For all of these reasons, the Court concludes that plaintiffs motion to file its supplemental complaint in this case must be denied.
. December 20, 2002, was the deadline specified in the scheduling order by which the parties were required to amend their pleadings.
. This Court denied HIAA’s request for a preliminary injunction that was based on the allegations in the original complaint on May 15, 2002. An amended Memorandum Opinion that set forth the reasons for the denial was issued by the Court on May 20, 2002.
. Goddard notes that the actors in the Clark case have filed claims against HIAA based on the alleged misappropriation of their images, implied contract/quantum meriut, and disparagement resulting from HIAA’s use of a separate set of Harry & Louise advertisements on web sites and in newspapers during 2000 to 2002. Def.’s Mem. at 7. The claims in the original complaint filed in this case are related to copyright and trade dress claims concerning Goddard’s and CuresNow’s alleged use of the Harry & Louise format in advertisements that were created for CuresNow by Goddard and aired in 2002 in support of proposed cloning legislation that was being considered by the United States Congress. Id.
. HIAA alleges that Goddard "concealed eight (8) boxes of documents from HIAA until January 9[,2003].” PL’s Reply at 1.
. In its supplemental complaint, HIAA states that the Court "also has jurisdiction over the claims asserted in this Supplemental Complaint because they are solely between citizens of different states and the amount in controversy exceeds $75,000, exclusive of interests and costs.” Pl.'s Mot., Ex. A ¶1.

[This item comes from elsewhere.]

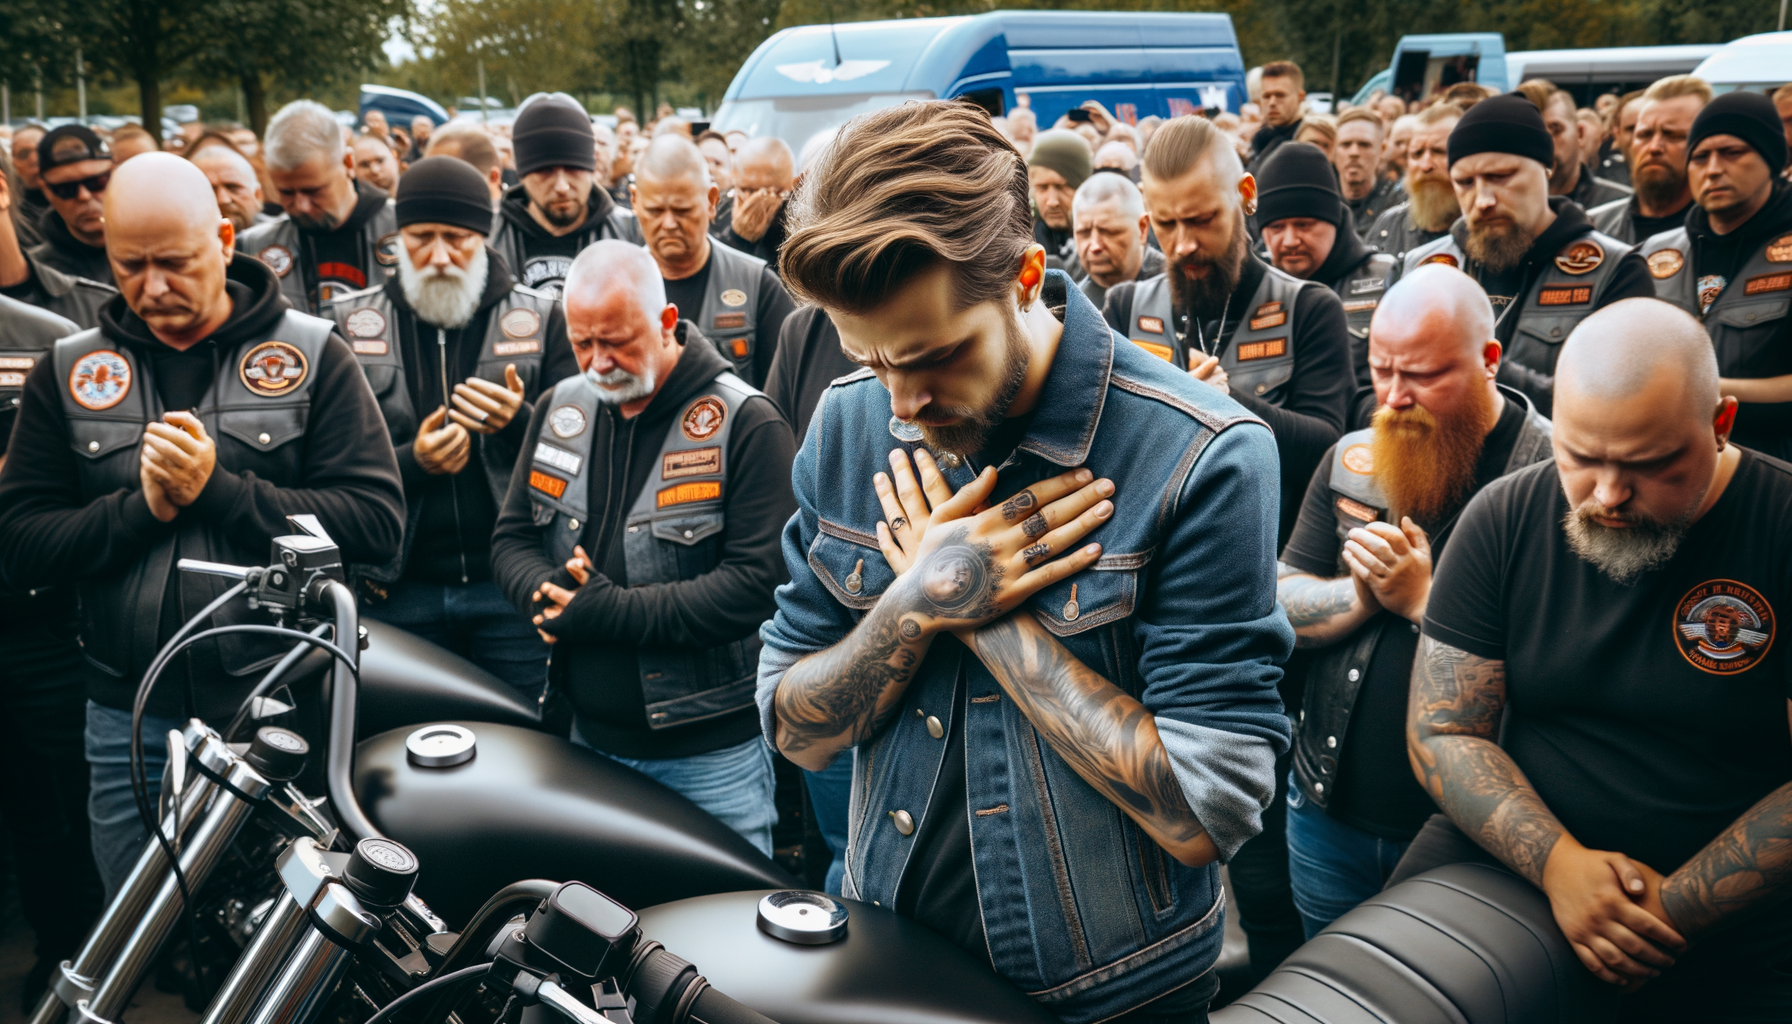 grieving the loss of loved ones: funerals held for bikers in a touching ceremony

. It should also be noted that a single trial of the actors' claim and the claims for indemnification is beneficial to HIAA because this will ensure that defendant Goddard is bound by the determinations made in the Clark case regarding the nature of the actors' relationship with HIAA. See, e.g., 3 Moore’s Federal Practice, § 14.03[1], at 14— 12 (Matthew Bender 3d ed. 2002) ("Because the alleged indemnitor ... is not bound by the judgment in the first case (because it was not a party) the defendant might be unsuccessful, and thereby incur a liability it should have been able to pass on to another.... Effecting joinder of the indem-nitor ... in a single case thus promotes judicial economy and fosters a consistent outcome that allows the defendant to avoid these potential harms.”).
. HIAA argues that "[i]t seems that [Goddard] wishes to have two bites of the apple by forcing HIAA to litigate its relationship with the actors in this case but bring any claims arising out of that relationship in the Clark case.” Pl.’s Reply at 4. However, if HIAA indeed has this concern, it seems to the Court that it would seek to implead Goddard into the Clark case or would have sought to consolidate the Clark case with this case. HIAA has failed to take either action.